Scripts needed for this guide

Introduction

In the previous guide, we created our initial cohort spine, whether using an NPD or HES inception. We will now extract demographic and SEND data. We are doing this across three different scripts because we are taking data at different time points/using different summaries (Table 1). Our choices here, including time frame, are more or less arbitrary and are chosen for the purposes of illustrating different ways of summarising and extracting this kind of data.

Table 1. Demographic data to be extracted. FSM free school meals; IDACI income deprivation affecting children index; SEND special educational needs and disability. * This is not necessarily the case. See text that follows.
Variable	Nature	Time point
Gender	Time invariant*	Modal value across reception to year 7
Ethnicity	Time invariant*	Modal value across reception to year 7
First language group major	Time invariant*	Modal value across reception to year 7
Year of birth	Time invariant	Modal value across reception to year 7
Month of birth	Time invariant	Modal value across reception to year 7
IDACI rank (tenth) - year 7	Time variant	IDACI rank in year 7
FSM - year 7	Time variant	Whether had FSM in year 7
Ever FSM	Time variant	Whether ever had FSM in reception to year 7
Ever SEND	Time variant	Whether ever had SEND in reception year 7
Highest level of SEND	Time variant	Highest level of SEND reception to year 7

Time invariant variables

Time invariant variables are those that are fixed, or considered fixed, in analyses. A study participant in theory only ever has one value on these, regardless of when we observe them. Therefore, values on these variables should always be the same across a child’s records throughout ECHILD. However, as often happens with administrative data, we see that records belonging to the same PMR/TPID over time may have conflicting values. Leaving aside the possibility of linkage error, this could be a result of data entry error (or they are not really time invariant—see below). Where records conflict, we therefore need to pick just one. In our example, we are treating gender, ethnicity, language group, year of birth and month birth as time invariant and select the modal (i.e., most frequently occurring) value from each child’s records across reception to year 7.

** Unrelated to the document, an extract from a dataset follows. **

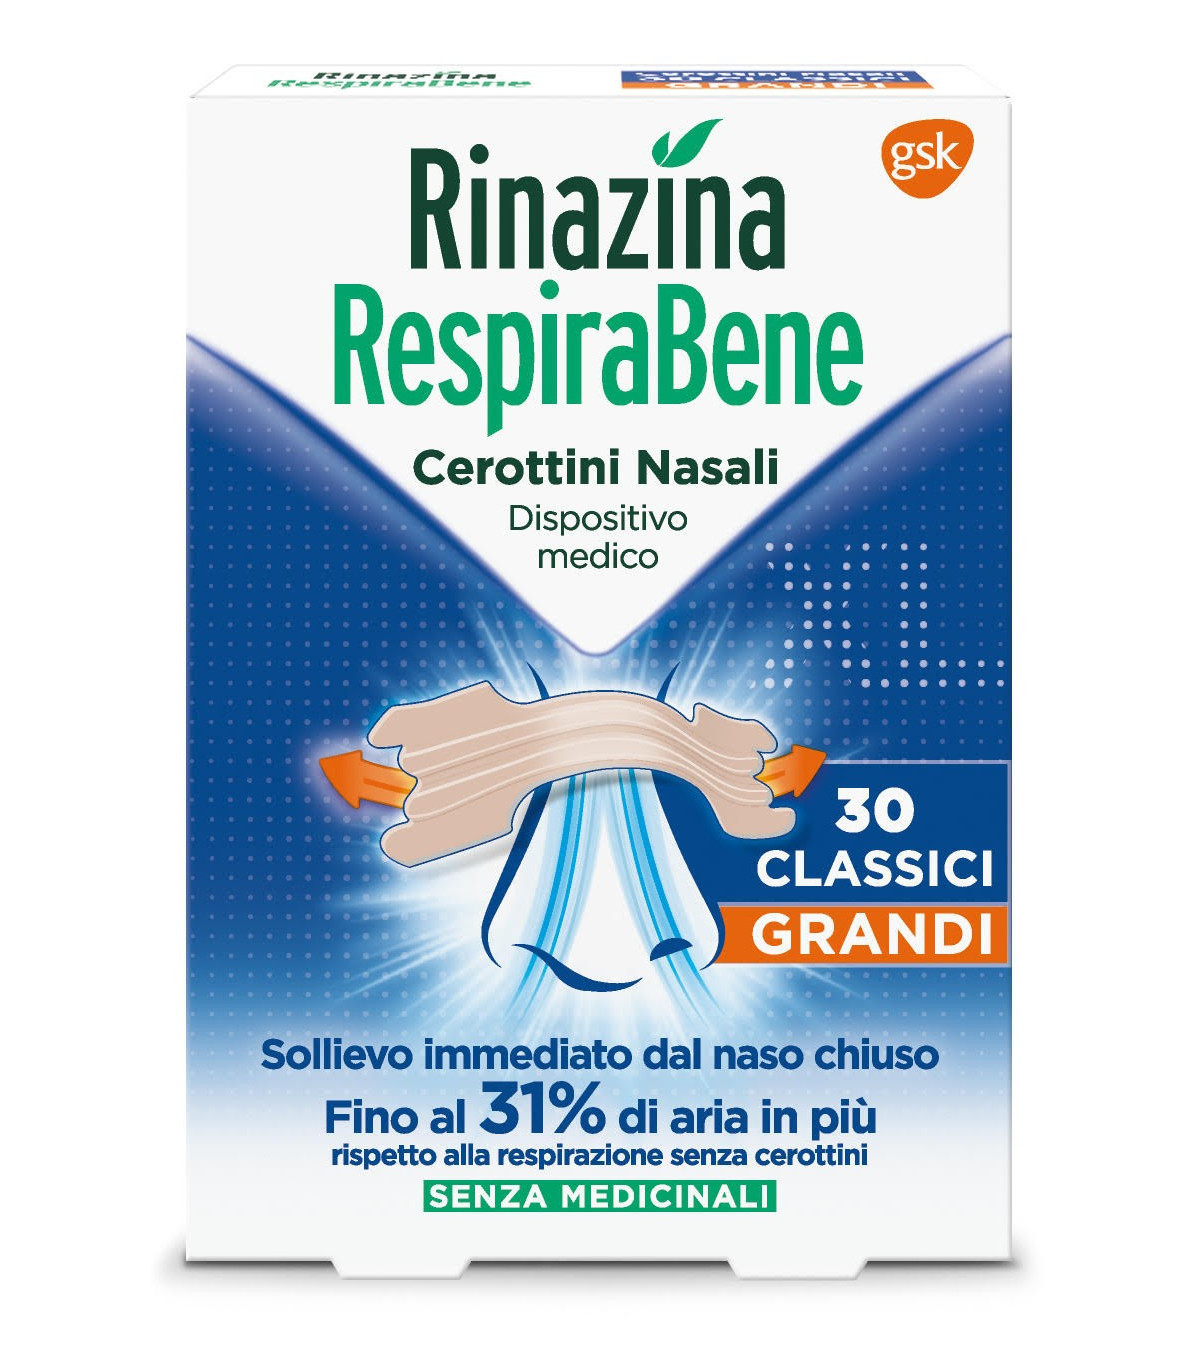 RINAZINA RESPIRABENE10 cerotti trasparenti

When taking the modal value, we are assigning equal weight to each record. In other words, each record is equally believable. If you have reason to believe that some records carry more weight, then you could employ a different method, for example by selecting the most recent value in situations where you believe that the most recent record is accurate. This assigns 100% weight to the most recent record and 0% to all previous records, regardless of their value and how many times they occur. We will show you how you can modify the code in our script to do this. In theory, you could employ more complex weights, though whether this is justified (i.e., whether it ever makes a difference to your analyses) should be borne in mind in determining whether the extra effort is worth it.

Another factor to consider is whether the variable is truly time invariant. We have noted gender, ethnicity and language with an asterisk in Table 1 because, in reality, how people identify in terms of their gender, ethnicity and language can change over their life course. This could then be reflected in the data. When working with administrative data, this becomes difficult when recognising that data quality for variables such as ethnicity for some groups, e.g., non-White children, is likely to be poorer (see the reports by Wickersham et al and Razieh et al). Additionally, it is not always clear who is reporting and recording the values in question, nor exactly what they think they are recording (consider the difference between gender and sex). As such, discerning whether a conflicting ethnicity, language or gender value is a true change in identity, correction of earlier records, data entry error, linkage error or something else, is very complex. You always have the option of sensitivity analyses, which may be warranted where the amount of conflicting information is high and/or where these variables are a particular focus of your study.

Time variant variables

Many variables are time variant, such as whether a child is getting free school meals (FSM) and their income deprivation affecting children index (IDACI) rank. This is because a child is not always necessarily eligible for FSM (this depends on their parents getting means-tested benefits) and because a child may move between areas, into areas of more or less deprivation.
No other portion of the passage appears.